Interpol’s removal of convicted terrorist’s name raises concerns


The shocking removal of Tarique Rahman’s name from Interpol’s Red Notice has caused alarm within the global security community. Rahman, a prominent Bangladeshi politician and acting chairman of the Bangladesh Nationalist Party (BNP), had been convicted in absentia for his alleged involvement in various criminal activities, including a significant incident in 2004.

Rahman has been residing in London since 2007 as a fugitive and has managed to evade authorities since his escape from Bangladesh. His conviction relates to his association with the tragic bombing on August 21, 2004, which targeted Prime Minister Sheikh Hasina, the leader of the ruling Awami League, who was leader of the opposition at the time. The attack, carried out by individuals linked to the BNP and the extremist organization Harkat-ul-Jihad (HuJI), resulted in the loss of 24 innocent lives and numerous injuries. The August 21 grenade attacks targeting Sheikh Hasina, daughter of the Founding Father of Bangladesh, Bangabandhu Sheikh Mujibur Rahman is considered as one of the most heinous terrorist attacks targeting a leading political party. One of the key agendas behind this attempt was to wipe-out Sheikh Hasina and Awami League mainly for the “crimes” of upholding secularism and denouncing religious extremism and militancy. It the eyes of BNP, its ideological ally Jamaat-e-Islami and Islamist forces in Bangladesh, Sheikh Hasina and Awami League are seen as a party giving priority to ensuring rights of religious minorities – particularly Hindus and Christians.

The court’s verdict in August 21 terrorist attack case held Tarique Rahman responsible as the alleged mastermind behind the attack, leading to his subsequent conviction and a life sentence. Tarique Rahman has also been handed life sentence in another case where he and key leaders of his party were held responsible for sending weapons and explosives to United Liberation Front of Assom (ULFA) – an insurgency outfit inside India.
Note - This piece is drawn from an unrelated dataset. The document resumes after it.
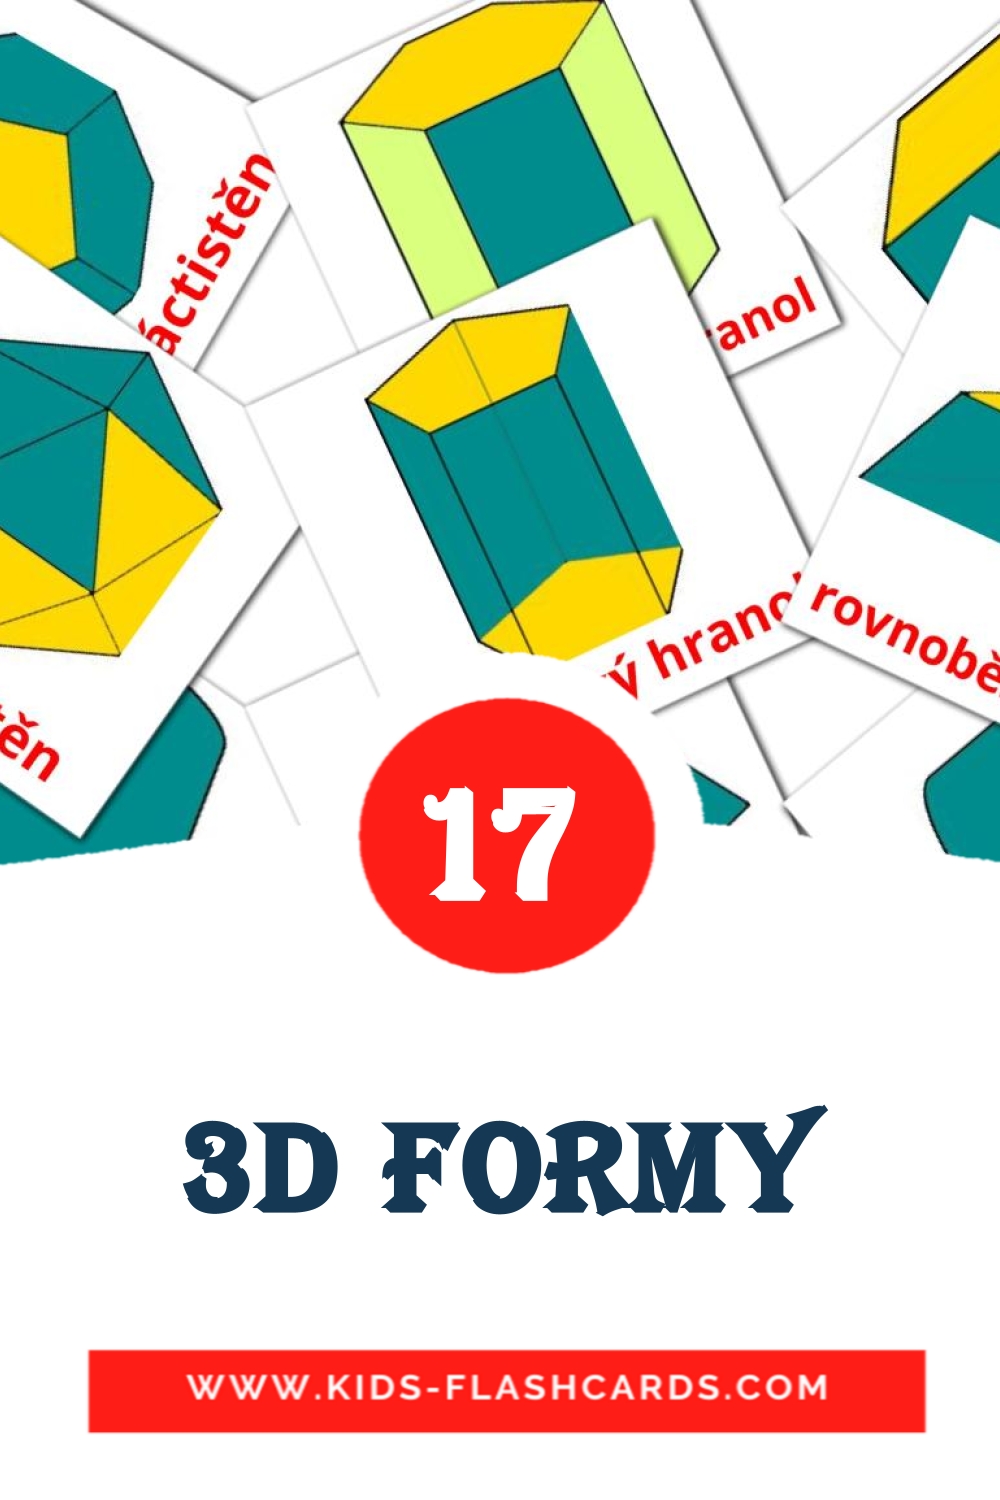 17 Cartões com Imagens de 3D formy para Jardim de Infância em czech

Former Deputy Director General of India’s Defense Intelligence Agency (DIA), Major General Gaganjit Singh, revealed Rahman’s alleged involvement in the 2004 arms haul in Chittagong. The objective of the arms haul was to supply rebel groups in India’s northeast, including organizations like the United Liberation Front of Asom (ULFA), with the aim of fomenting instability in the region.

In 2015, Interpol took action by issuing a Red Notice for Tarique Rahman prior to his conviction on terrorism-related charges in Bangladesh. However, the removal of his name from the Red Notice list before the court’s verdict has raised legitimate concerns about the transparency and effectiveness of international law enforcement agencies.

On November 3, 2008, US Ambassador in Bangladesh, James F. Moriarty, sent a confidential cable (Canonical ID 08DHAKA1143_a) to the Secretary of State, requesting the suspension of Tarique Rahman’s entry into the United States. In the cable, Ambassador Moriarty highlighted Rahman’s alleged involvement in egregious political corruption that had seriously affected US national interests, including the stability of democratic institutions and US foreign assistance goals. It is worth noting that the request did not apply to Rahman’s wife, Dr. Zubaida Rahman, their daughter, Zaima Rahman, or his mother, Begum Khaleda Zia, a former Prime Minister of Bangladesh.

Ambassador Moriarty described Tarique Rahman as the notorious and widely feared son of former Prime Minister Khaleda Zia, known for his frequent demands for bribes in connection with government procurement actions and political appointments. Rahman was considered a symbol of corrupt governance and violent politics in Bangladesh. The ambassador also alleged that Rahman had accumulated illicit wealth amounting to hundreds of millions of dollars. Multiple extortion cases were pending against him, supported by the testimony of numerous prominent business owners who had been victimized and exploited.

The Bangladesh Nationalist Party (BNP), founded by General Ziaur Rahman in 1977, has faced accusations of persecuting religious minorities, including Hindus, Christians, Buddhists, and Ahmadis. The party’s focus on transforming secular Bangladesh into an Islamic republic has drawn criticism for its discriminatory practices.

Overall, the removal of Tarique Rahman’s name from Interpol’s Red Notice has sparked concerns about the credibility and effectiveness of international law enforcement efforts. The case highlights the importance of transparency and cooperation among global security agencies in addressing terrorism and transnational crime.